Memory Profiling & Leaks

🧠 Memory Profiling & Leaks

For long-running Data Pipelines, monitoring memory usage is essential to prevent Out Of Memory (OOM) errors.

🏗️ 1. Why Memory Leaks Happen in Python

Despite garbage collection, memory leaks can occur due to:

Global Variables: Holding references to large objects.
Unclosed Resources: Open file handles or network connections.
Circular References: Objects that point to each other and are not cleared properly.

🛠️ 2. Memory Profiling Tools

`memory_profiler`

Allows line-by-line memory usage tracking.

from memory_profiler import profile

@profile
def heavy_processing():
    data = [i for i in range(1_000_000)]
    return data

`tracemalloc`

Built-in Python library to track memory allocations.

import tracemalloc

tracemalloc.start()
# Your data processing here...
snapshot = tracemalloc.take_snapshot()
top_stats = snapshot.statistics("lineno")
for stat in top_stats[:5]:
    print(stat)

💾 3. Handling Large Datasets

When data doesn’t fit in RAM:

Chunking: Process files in small chunks (e.g., pd.read_csv(..., chunksize=1000)).
Generators: Use yield to iterate through rows without loading all of them into memory.
On-Disk Processing: Use Polars LazyFrames or DuckDB for out-of-core processing.

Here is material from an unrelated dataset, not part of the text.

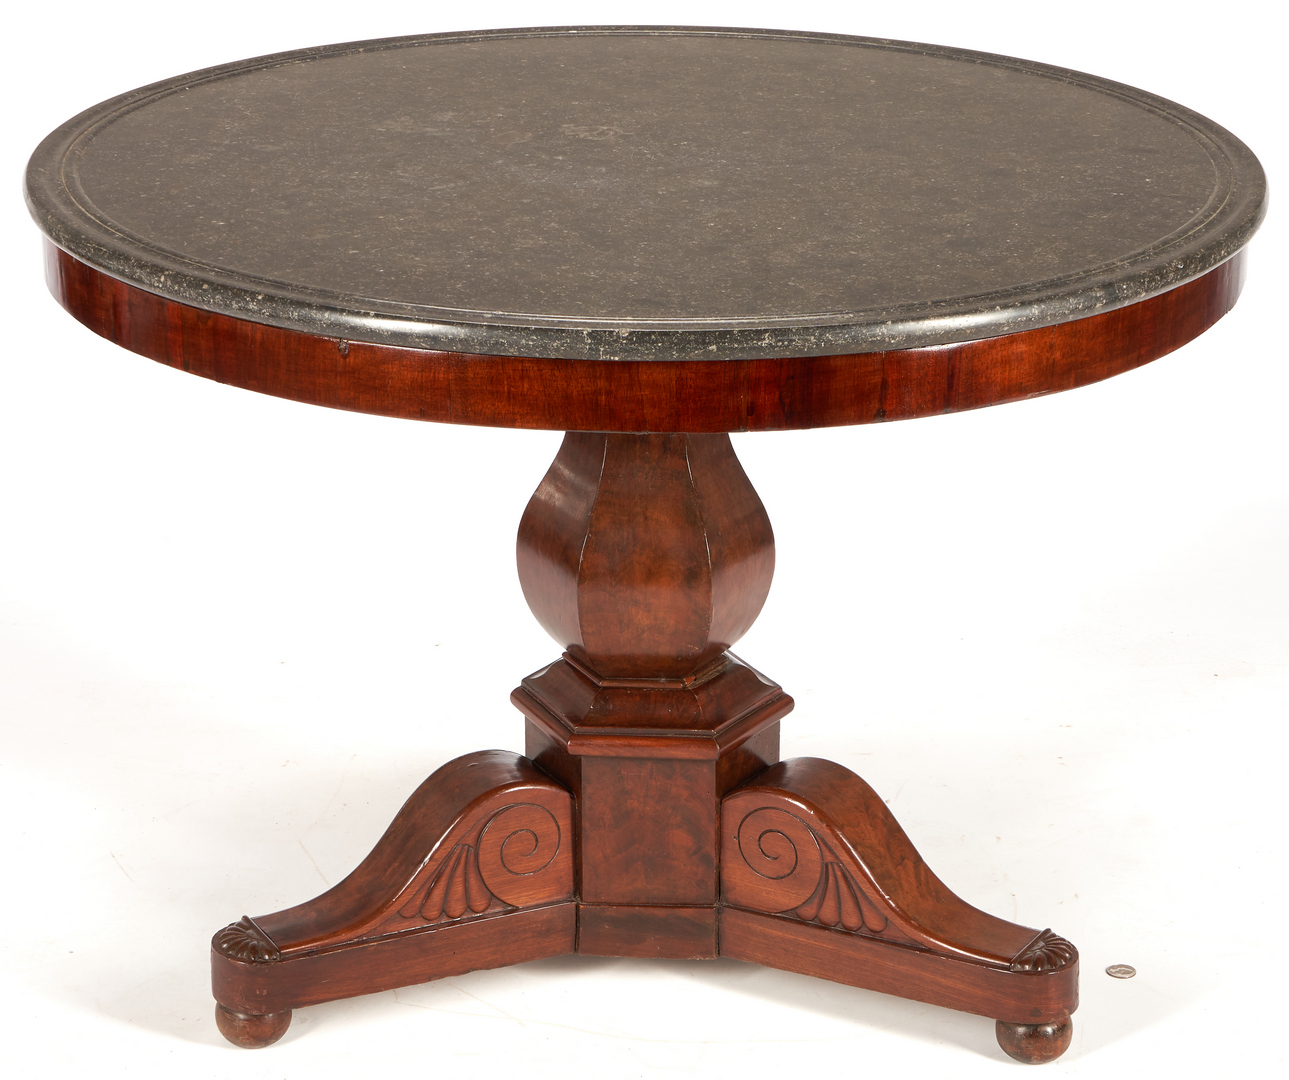 Lot 277: 19th C. Center Table with Black Marble Top

# Streaming generator to save memory
def read_large_file(file_path):
    with open(file_path) as f:
        for line in f:
            yield line.strip()

🧹 4. Best Practices for Memory Efficiency

Delete Large Objects: Use del my_large_df to free references manually.
Clear Cache: If using @lru_cache, clear it periodically if it grows too large.
Use Typed Containers: Prefer NumPy arrays or array.array over lists of objects.